OpenMLDB 0.4.0 Technical Solution
This demonstration uses the technical scheme based on OpenMLDB 0.4.0. Here is a summary:
- Feature Extraction Language: The SQL language most familiar to scientific modelling scientists is used
- Model Training Framework: LightGBM is used in this example. Of course, if you want to use TF or PyTorch, it can also support it
- Offline Storage Engine: Use local file storage, because the data volume of its sample is not large. It has only more than 1 million lines which may be tens of megabytes of data. In the actual scene, the sample of machine learning may be larger and more complex thus, OpenMLDB can also support HDFS storage
- Online Storage Engine: Using high-performance sequential storage of OpenMLDB, an external memory storage based on multi-level hop table data structure
- Online Estimation Service: The API Server provided by OpenMLDB is used, and the standard Restful interface and RPC interface are provided.

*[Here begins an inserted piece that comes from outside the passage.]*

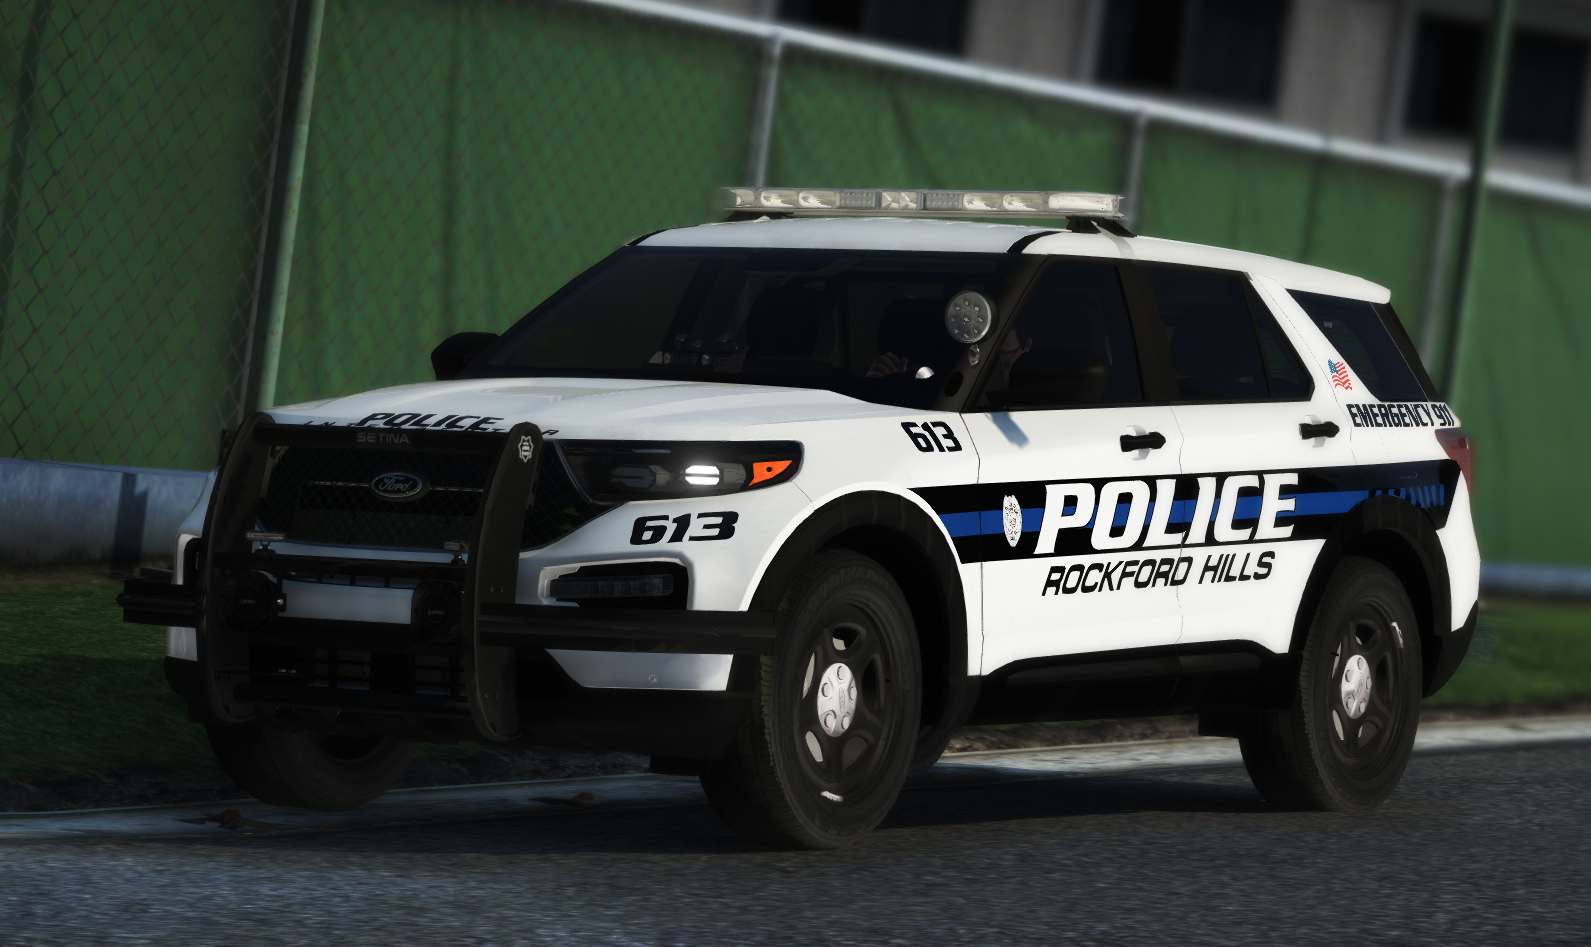 TEXTURE - Rockford Hills Police | Modification Universe

Step 1: Run the OpenMLDB Image
Next, let's demonstrate that when we use OpenMLDB for modelling. We first need to build an OpenMLDB database running environment.

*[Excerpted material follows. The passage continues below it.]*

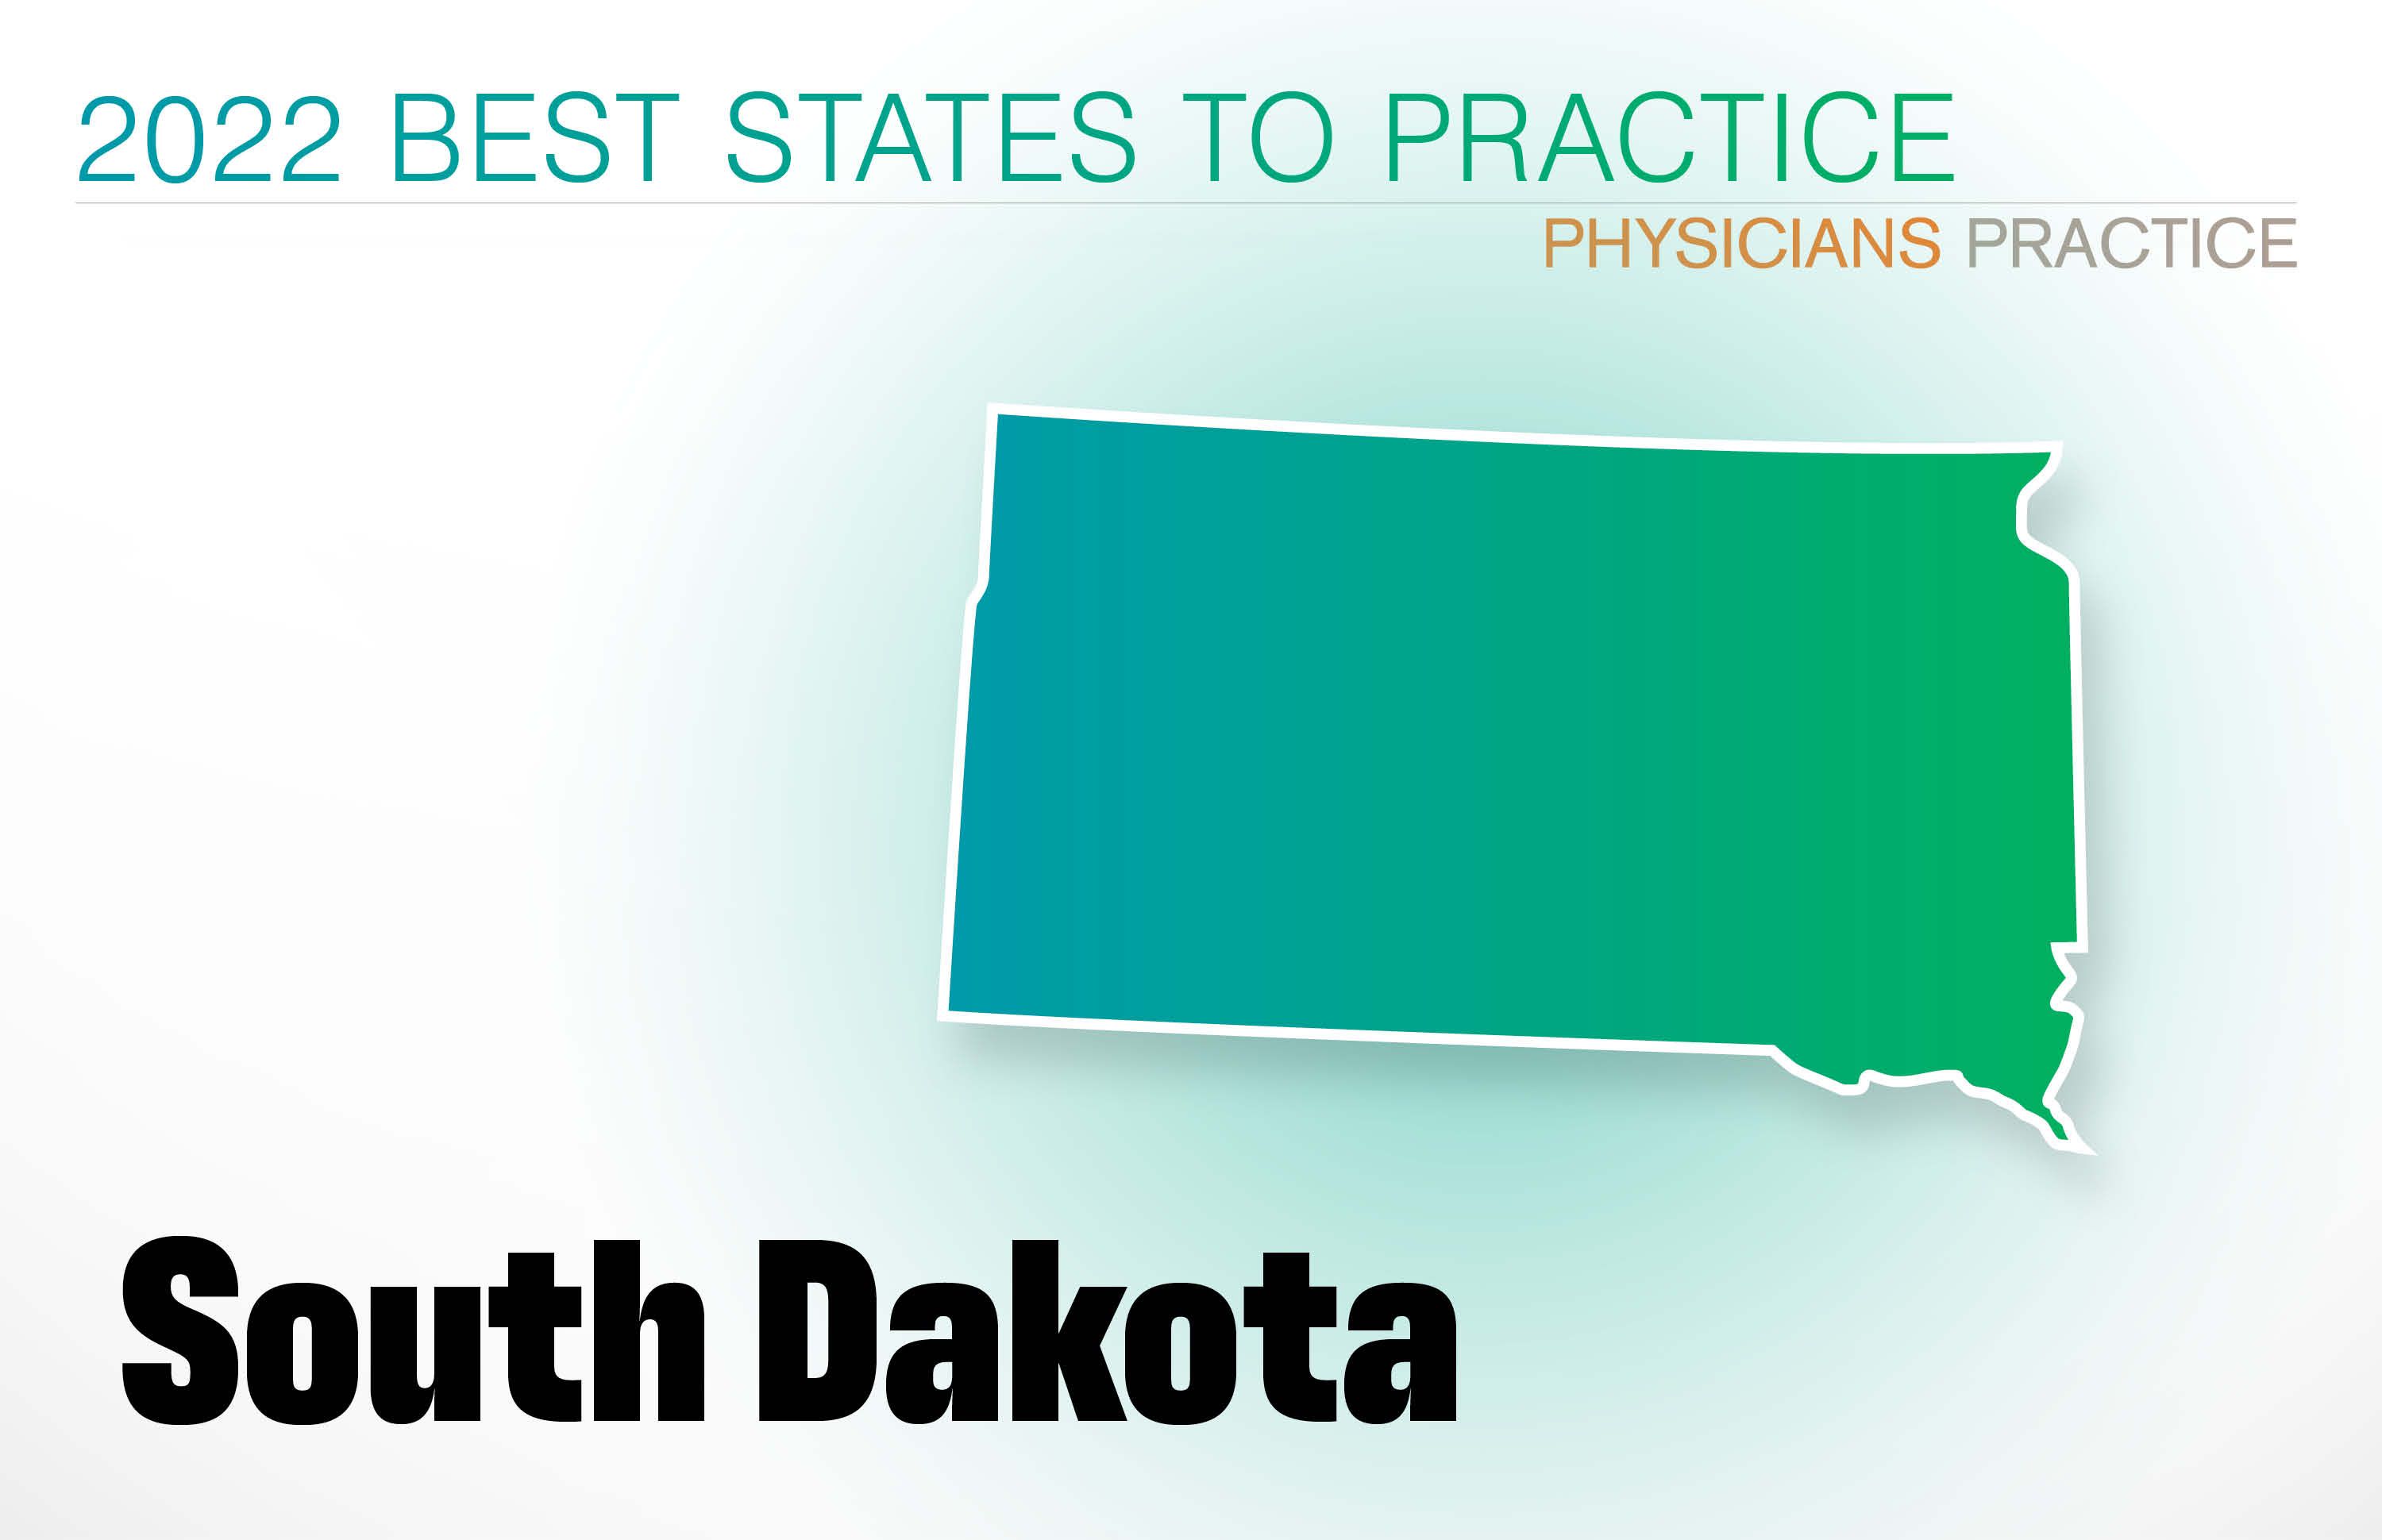 #2 South Dakota

OpenMLDB itself provides a test demo image. The underlying implementation of OpenMLDB is based on C++ which is relatively stable and easy to install. When using OpenMLDB, we can use the official docker image provided on GitHub. MAC environment or Linux environment can also directly download our source code, compile, and execute locally.
After execution, it will enter the container whereas the screenshot is its complete docker file content. For demo demonstration, we installed some more libraries such as pandas and Python. When you use it, you only need to install the image and Binary. You can download Binary through a script and start the server and client. The content of the image is also very clean, and there is no need to download some additional components.
Step 2: Start the OpenMLDB Cluster
The second step is to start the OpenMLDB cluster. You can use init.sh (A script we encapsulated), or the start script provided in the OpenMLDB project which can also be started directly with the binary compiled by ourselves.
Because of the complete functions of the cluster version we demonstrate this time, we will start the zookeeper service and start some components we rely on such as Tablet, Name Server, API Server and Task Manager. As long as these components are started, we will have the function of cluster version OpenMLDB. If you are interested, you can also see the contents of the sh script. init.sh will also support stand-alone version and cluster version. When we use the cluster version, we will start an additional zookeeper and all OpenMLDB components.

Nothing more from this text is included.